В становлении бойцовского характера юноши и раннего проявления агрессивных, даже захватнических желаний, без сомнения, наибольшей была роль отца. Филипп, человек с железной волей и непреклонным характером, переданными сыну, был, кроме того, просто неистов в достижении своих целей, осторожен и хитер. Силой захватив власть в Македонии за три года до рождения Александра, он сумел за сверхкороткий срок внедрить ряд таких эпохальных преобразований, которые сыграли позже судьбоносную роль в жизни его сына. Вернее сказать: результатами которых умело распорядился молодой монарх, достигнув власти в Македонии. Имея в наличии людские ресурсы, Филипп создал многочисленную наемную армию, способную вести захватнические войны, – царь был изначально сориентирован на агрессию по отношению к внешнему миру, и потому вполне ясным и объяснимым становится неистовое поведение Александра-захватчика, привитое отцом на подсознательном уровне. Именно Филипп создал знаменитую македонскую фалангу и предопределил построение войск, оказавшееся революционным в определенный период развития Древнего мира. Коварный македонский царь быстро использовал военное преимущество и, захватив часть побережья и золотые рудники, обеспечил развитие древнего государства.
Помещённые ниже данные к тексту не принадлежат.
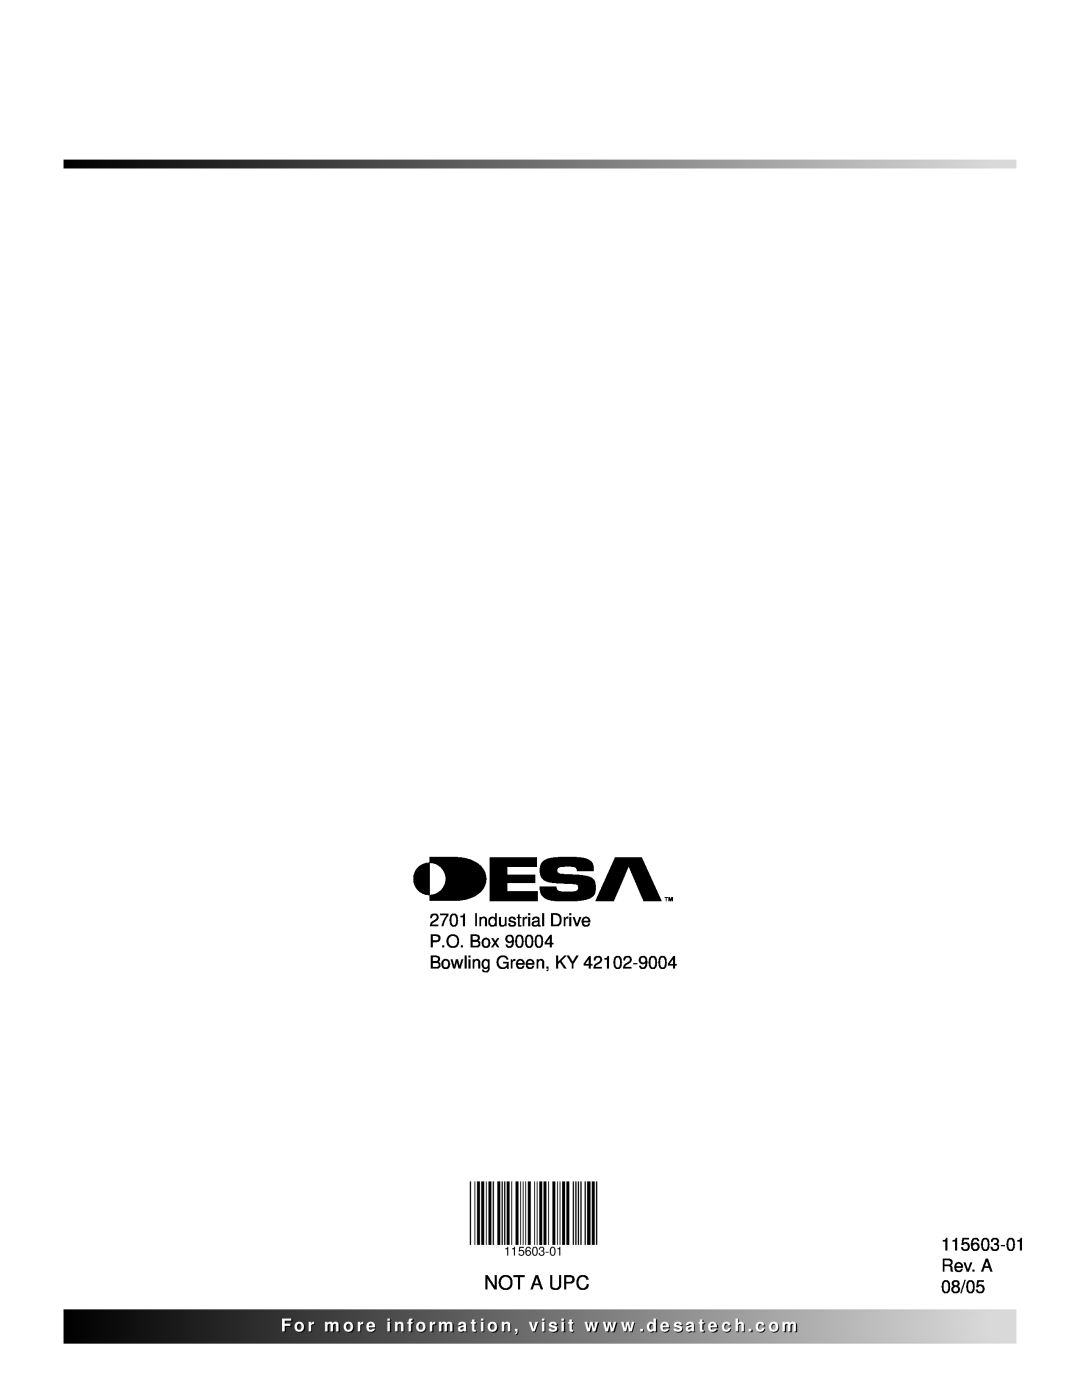 Desa (V)3612ST operating instructions Not A Upc, Industrial Drive P.O. Box Bowling Green, KY, 115603-01, Rev. A, 08/05

Боготворя сына, в светлую звезду которого он уверовал сам и заставил верить всех окружающих, Филипп пожелал, чтобы образование мальчика не ограничилось придворным обучением. Да и объективно – к тринадцати годам с ним уже не могли совладать многочисленные кормилицы и кормильцы: слишком буйный нрав и непредсказуемый характер Александра предвещали становление в скором будущем настоящего монстра, не считающегося ни с кем. Поэтому желание отца дать своему сыну греческое образование имеет, скорее всего, и подтекст управленческий – Филипп и сам уже ощущал трудности с неординарным подростком и ему хотелось, чтобы кроме черт воина тот впитал еще некоторые знания о сути вещей, что должно было бы пригодиться в будущей борьбе за выживание и расширение государства. Другими словами, Филипп вбивал в подсознание сына мысль о будущих войнах и захватах. Есть основания полагать, что стареющий царь сам ощущал определенный недостаток знаний и потому, часто руководствуясь в своей жизни более эмоциями, чем реальным расчетом, он желал для сына больших вершин, чем мог бы покорить он сам.